- Born: February 24, 1934 Ordubad, Nakhichevan ASSR, Azerbaijan SSR, TSFSR, USSR
- Died: December 20, 2019 (aged 85)
- Occupation: painter
- Awards: Honored Artist of the Azerbaijan SSR

= Jamil Mufidzade =

Azerbaijani artist (1934–2019)

Jamil Miryusif oghlu Mufidzade (Cəmil Miryusif oğlu Müfidzadə, February 24, 1934 — December 20, 2019) was an Azerbaijani painter. He was the People's Artist of Azerbaijan (2002).

== Biography ==
Mufidzade was born on February 24, 1934, in Ordubad. He studied at the Azim Azimzade Baku Art School in 1948–1955 and graduated from Kyiv Secondary Art School in Ukraine in 1955–1956, and graphics faculty of Kharkiv State Art Institute in 1959–1962.

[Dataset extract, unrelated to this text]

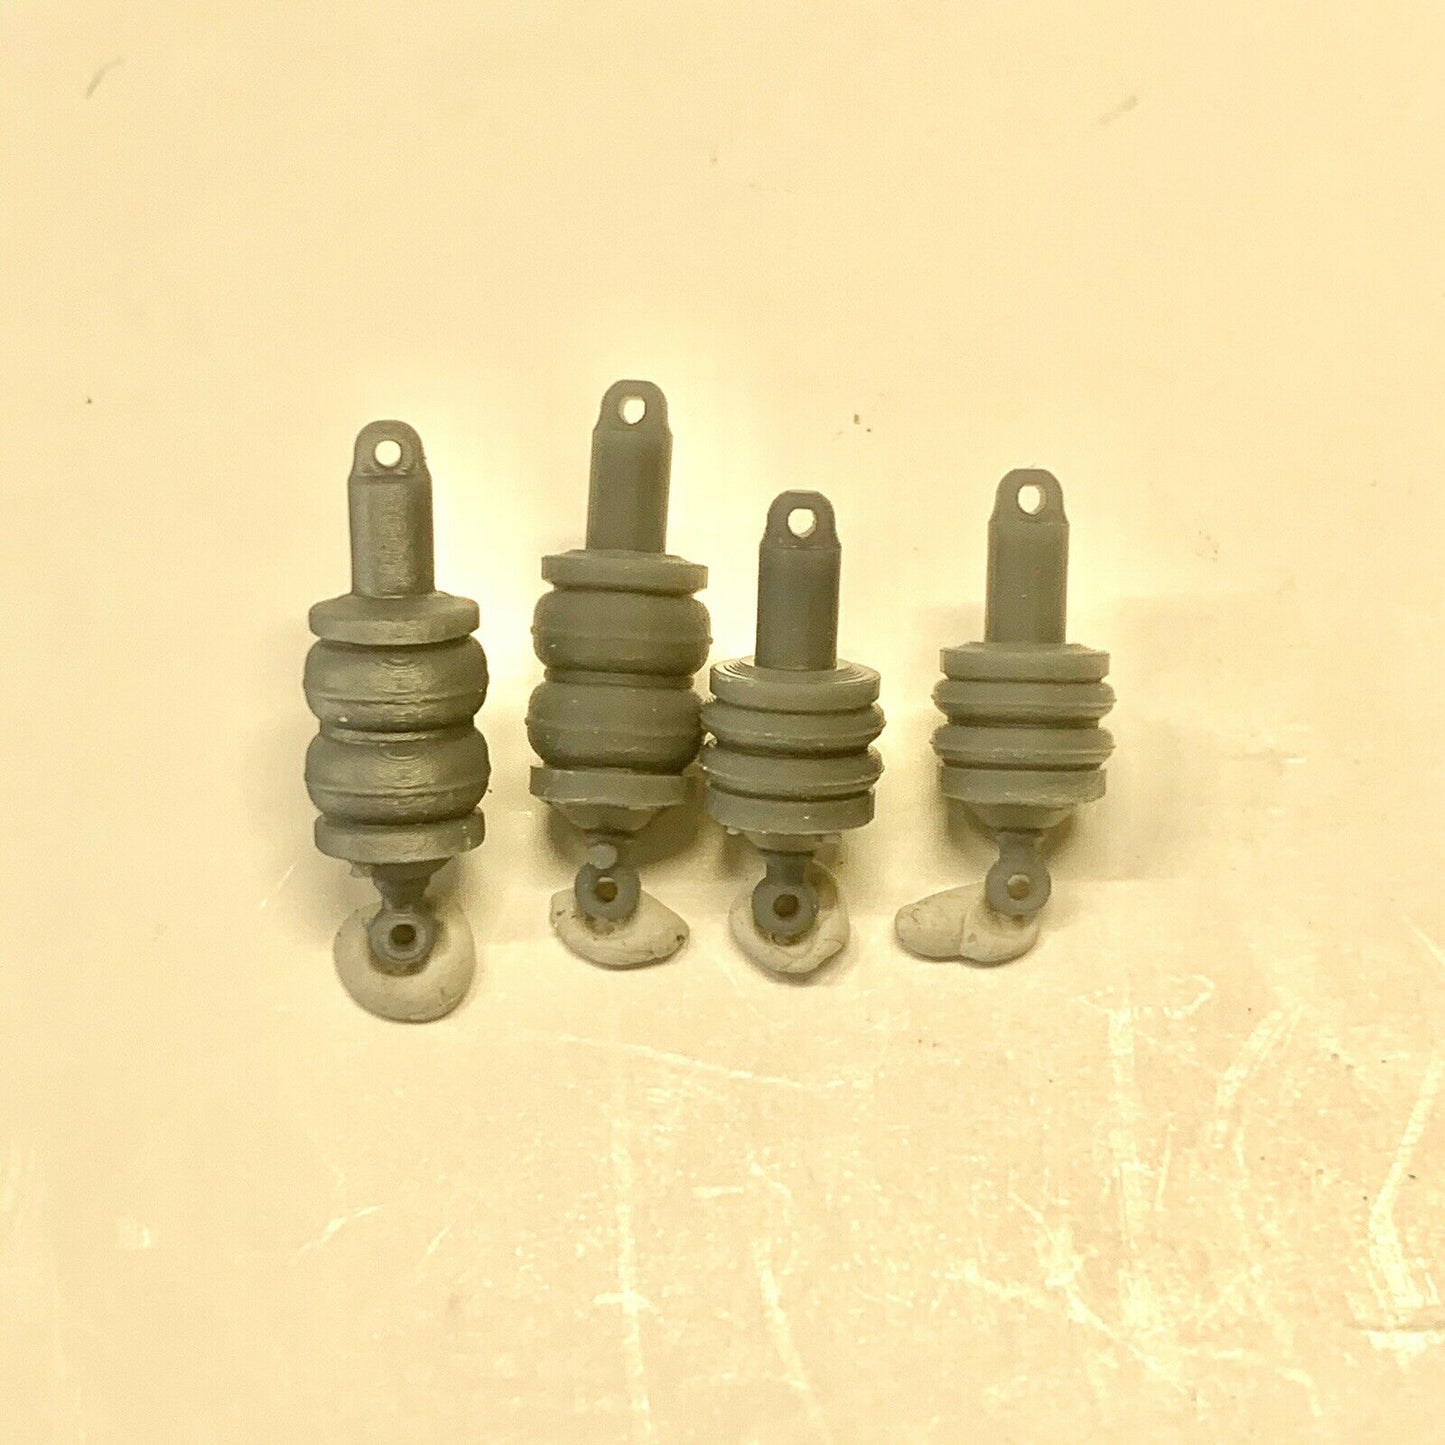 Set of Airbags Air Bags Generic or with Struts 1/24 1/25

Individual exhibitions were organized in Poland (1972), Azerbaijan (1977, 1985, 1986, 1994, 2006, 2009), Russia (1977), Iran (1992, 2003), France (1991) and Turkey (1998). His works are in the National Art Museum of Azerbaijan, the Azerbaijan State Art Gallery, the State Museum of Oriental Art, Gorky Museum, Museum Ludwig, and Fine Arts Zanabazar Museum.

He died on December 20, 2019, in Baku.